Analyze how confidence changes across generations.

In [None]:
def analyze_confidence(generation, data_loader):
    """Analyze model confidence."""
    model = create_model()
    ckpt_manager.load_generation(generation, model)
    model.eval()
    model.to(device)
    
    confidences = []
    correct_confidences = []
    incorrect_confidences = []
    
    with torch.no_grad():
        for inputs, labels in data_loader:
            inputs, labels = inputs.to(device), labels.to(device)
            outputs = model(inputs)
            probs = torch.softmax(outputs, dim=1)
            max_probs, predictions = probs.max(dim=1)
            
            confidences.extend(max_probs.cpu().numpy())
            
            correct_mask = predictions == labels
            correct_confidences.extend(max_probs[correct_mask].cpu().numpy())
            incorrect_confidences.extend(max_probs[~correct_mask].cpu().numpy())
    
    return {
        'all': np.array(confidences),
        'correct': np.array(correct_confidences),
        'incorrect': np.array(incorrect_confidences),
    }

# Analyze confidence for each generation
num_gens = len(lineage['generations'])
fig, axes = plt.subplots(1, num_gens, figsize=(5*num_gens, 4))

if num_gens == 1:
    axes = [axes]

for gen in range(num_gens):
    conf = analyze_confidence(gen, val_loader)
    
    axes[gen].hist(conf['correct'], bins=30, alpha=0.7, label='Correct', color='green')
    axes[gen].hist(conf['incorrect'], bins=30, alpha=0.7, label='Incorrect', color='red')
    axes[gen].set_xlabel('Confidence')
    axes[gen].set_ylabel('Count')
    axes[gen].set_title(f'Generation {gen}')
    axes[gen].legend()
    
    print(f"Gen {gen}: Mean confidence = {conf['all'].mean():.3f}")

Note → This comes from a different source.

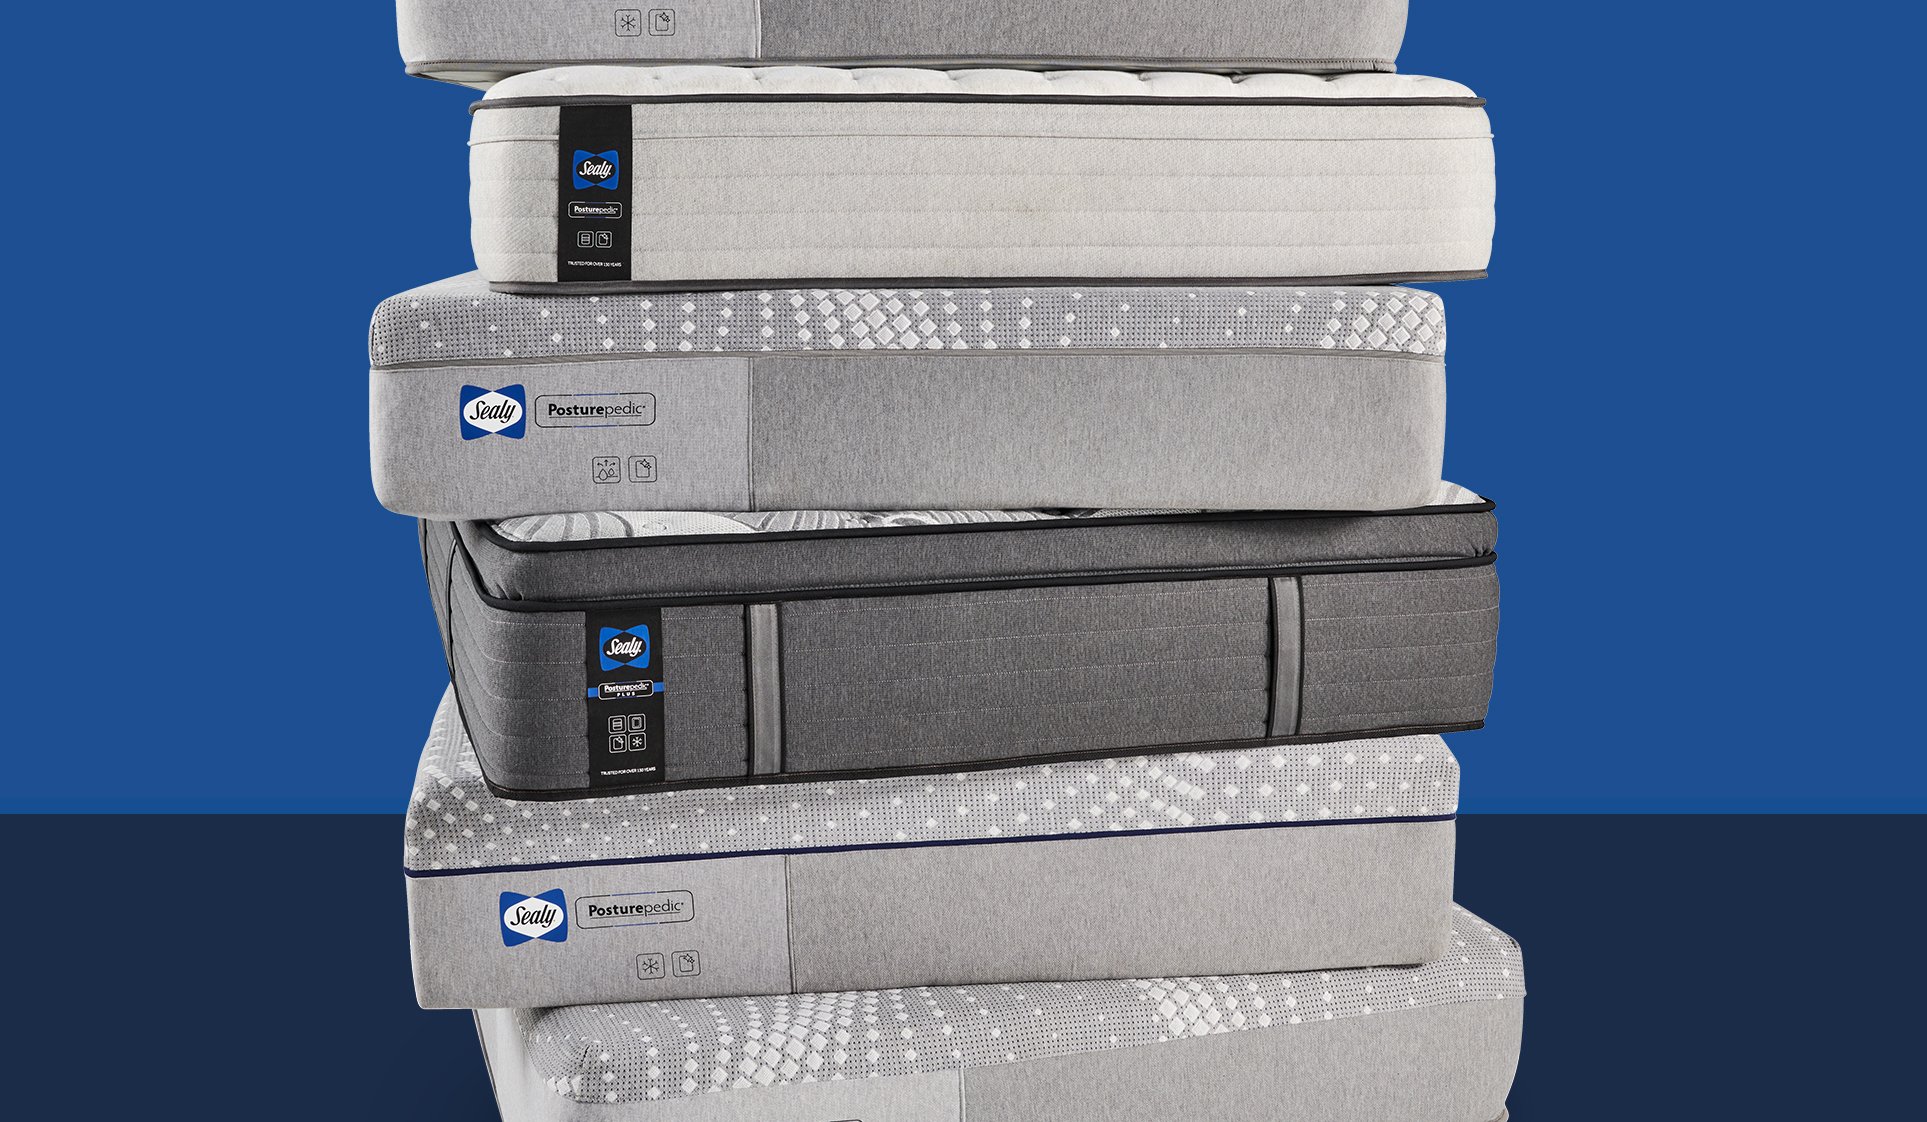 Mattress stack of Sealy<sup>®</sup> posturepedic mattresses

plt.suptitle('Confidence Distribution by Generation')
plt.tight_layout()
plt.show()

## 7. Feature Visualization

Visualize what the model learns at different layers.

In [None]:
# Get a batch of data
inputs, labels = next(iter(val_loader))
inputs = inputs[:16].to(device)  # Just 16 samples

# Load best generation
best_gen = summary['best_generation']
model = create_model()
ckpt_manager.load_generation(best_gen, model)
model.eval()
model.to(device)

# Extract features
with torch.no_grad():
    features = model.get_features(inputs)

print(f"Feature shape: {features.shape}")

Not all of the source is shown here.